1. Field of Invention
The present invention relates to an interior or exterior rear mirror applicable for use in vehicles such as automobiles and particularly an electrochromic mirror that changes its reflectance with an applied voltage.
2. Description of the Related Art
Electrochromic mirrors that change their colors in a coloring reaction of a so-called “electrochromic solution”, a solution that changes its color electrically, are conventionally known (e.g., Japanese Patent No. 2672083).
Japanese Patent No. 2672083 teaches an electrochromic mirror which disposes two glass substrates in parallel with each other at a certain distance. Two transparent electrode films are respectively formed on internal surfaces of these two glass substrates which face each other. A space between the transparent electrode films is sealed with a sealant to form a cell structure. An electrochromic solution is contained in the cell. In addition, a light-reflecting film and a protective coating film are formed on a face of the glass substrate that is disposed on the opposite to the side on which light is incident.
When a voltage is applied between the respective transparent electrode films by a power supply unit in the electrochromic mirror, the reflectance of the mirror changes in a coloring reaction of the electrochromic solution.
However, in such an electrochromic mirror, if the two glass substrates are not bonded via a sealant in parallel to each other at high accuracy, images formed by the following do not coincide with each other: light which is reflected by the light-reflecting film, formed on the rear face of the glass substrate disposed on the opposite side to the side on which incident light applied; and light which is reflected by the front surface of the glass substrate which is placed on the same side as the side on which light is incident. In this case, a so-called double image is generated providing a mirror with poor visibility.

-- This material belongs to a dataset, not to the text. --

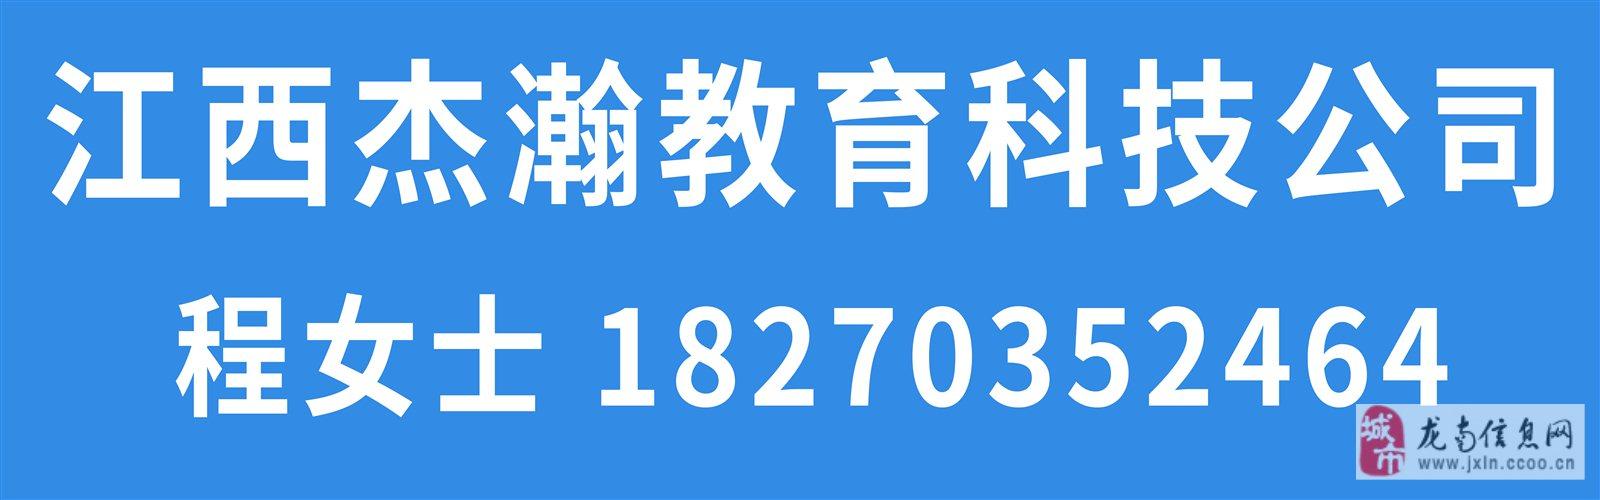 江西杰瀚教育科技公司

Such electrochromic mirrors have the disadvantage that it is difficult and costly to manufacture them so that they do not cause the above-described phenomenon, in particular when the electrochromic mirrors are used for automobiles, which generally employ curved mirrors.
In view of overcoming these problems, an electrochromic mirror having a light-reflecting film formed on a rear face of a front glass substrate (light-entering substrate) has been proposed.
As shown in FIG. 4, the electrochromic mirror 100 has an electrochromic film 104 of tungsten trioxide (WO3) that develops color reductively formed on a rear face of the glass substrate 102 that is disposed on the same side as the side on which light is incident (the top in FIG. 4). A light-reflecting film 106, that is formed of rhodium or the like, is additionally superimposed on the electrochromic film 104. Further, an electrode film 110 is formed on a surface face (side of light-reflecting film 106) of a glass substrate 108 that is disposed on the opposite side to the incident light. An electrolyte solution 112 containing hydrogen ions is sealed in the space between the light-reflecting film 106 and the electrode film 110.
When a voltage is applied between the light-reflecting film 106 and the electrode film 110, the hydrogen ions in the electrolyte solution 112 are converted at the light-reflecting film 106 to hydrogen atoms, which diffuse through the light-reflecting film 106 to the electrochromic film 104, coloring the electrochromic film 104.
As a result, the light that enters into the glass substrate 102 and is reflected by the light-reflecting film 106 (see arrow A in FIG. 4) is reduced in intensity by passing through the colored color layer, altering the reflectance of the variable reflectance mirror. In addition, since the light that enters into the glass substrate 102 is reflected by the light-reflecting film 106 formed on the rear face of the glass substrate 102, generation of a double image is prevented.
As shown in FIG. 4, the light-reflecting film 106 is in contact with the electrolyte solution 112 in the electrochromic mirror 100 having the above configuration. Because a highly reactive liquid is generally used as the electrolyte solution 112, the light-reflecting film 106 may be corroded by the electrolyte solution 112.